Before any proposal to tear down and rebuild Columbine High School moves forward, the Jefferson County community would have to approve of the idea through an informal survey and subsequent public meetings, then likely agree to fund the project through a ballot question.

Jeffco Public Schools spokeswoman Tammy Schiff said the district is starting with a survey on the district’s website to gauge whether the public supports building a new Columbine High School in an effort to thwart the “morbid fascination” with the site of the 1999 massacre. That survey closes Friday.

Polls conducted online aren’t perfect, because anyone in the world can take them and it’s difficult to be sure one person didn’t participate multiple times, but the idea is to inexpensively gauge whether the community wants to proceed with the conversation, she said.

“It’s very exploratory right now,” she said.

If there appears to be interest in replacing the school, public meetings will come next. If comments at the meetings indicate the community wants to move forward, the district could start crafting a ballot question and conduct a more scientific poll to test voter support, Schiff said.

The school board would have to vote by August to put a tax question on the ballot, she said. The district estimates it could ask for $60 million to $70 million in bonds.

It isn’t clear yet if Jeffco Public Schools could reallocate $15 million from the district’s latest bond issue that was supposed to go toward a host of renovations at Columbine, including an addition, new security cameras, more secure doors and updates to the plumbing, lighting and climate control systems.

The building is about 40 years old, but the district determined it was more cost-effective to fix it than to knock it down, Schiff said. But getting rid of a magnet for people obsessed with a violent tragedy that took place 20 years ago might have a value to the community that isn’t as easy to calculate, she said.

“Before we go down that path (of renovating the school), because we’re on the runway for that, let’s find out how the community feels about ‘scrape and rebuild,’ ” she said.
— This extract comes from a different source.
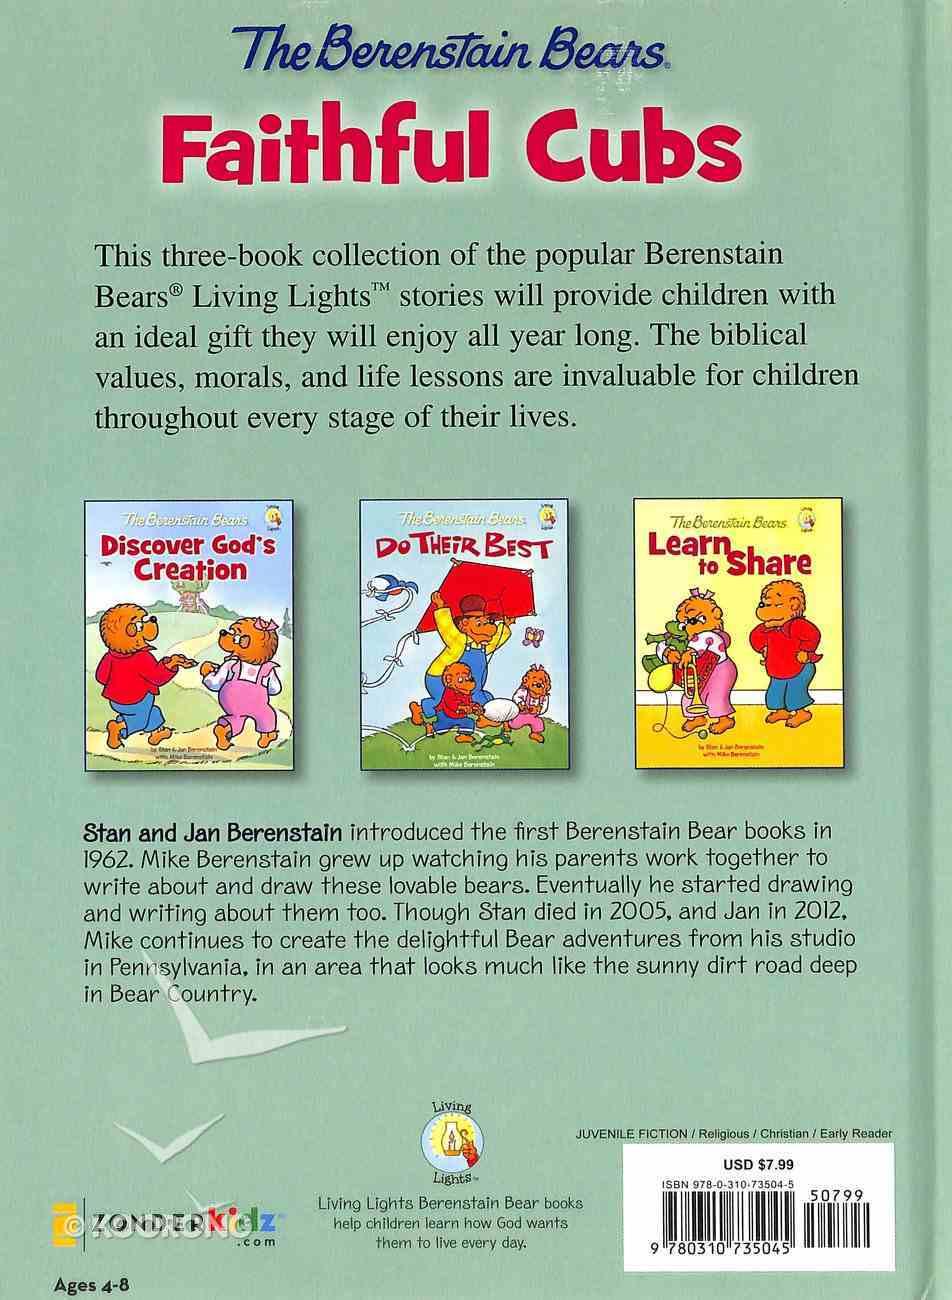 The Faithful Cubs (The Berenstain Bears Series) Hardback

There’s no consensus on whether it’s better to raze the site of a mass tragedy or reopen it.

The Newtown Public School District in Connecticut demolished Sandy Hook Elementary School, and reopened another school with the same name on a different site following the 2012 shooting.  Marjory Stoneman Douglas High School in Parkland, Fla., remains open following the 2018 shooting.

An Aurora theater where moviegoers were shot in 2012 reopened quickly after a renovation. The Pulse night club in Orlando, Fla., remains closed three years after it was attacked, and debate goes on about whether it should become a memorial.

And officials at STEM School Highlands Ranch haven’t released any information about how they will decide what to do with the building following a shooting that killed one and injured eight in May.

Jeffco Public Schools initially took a middle approach, initially closing Columbine and eventually tearing out the library where most of the killings took place, while leaving the rest of the school open.

But last week, Superintendent Jason Glass floated the idea of demolishing the building and erecting a new high school on the same property. Glass said the school remained an attraction for people with a troubling interest in the shootings, including Sol Pais, the Florida woman who set off a massive manhunt this spring before she was found dead of a self-inflicted gunshot wound.

Informal discussion with teachers and people in the community suggests Jeffco should keep the name and symbols of the school, Schiff said. Experts they consulted with believe people obsessed with the shooting won’t be likely to seek out a new Columbine High School, she said.

“It’s the structure and some of the history in the structure that’s an attraction,” she said.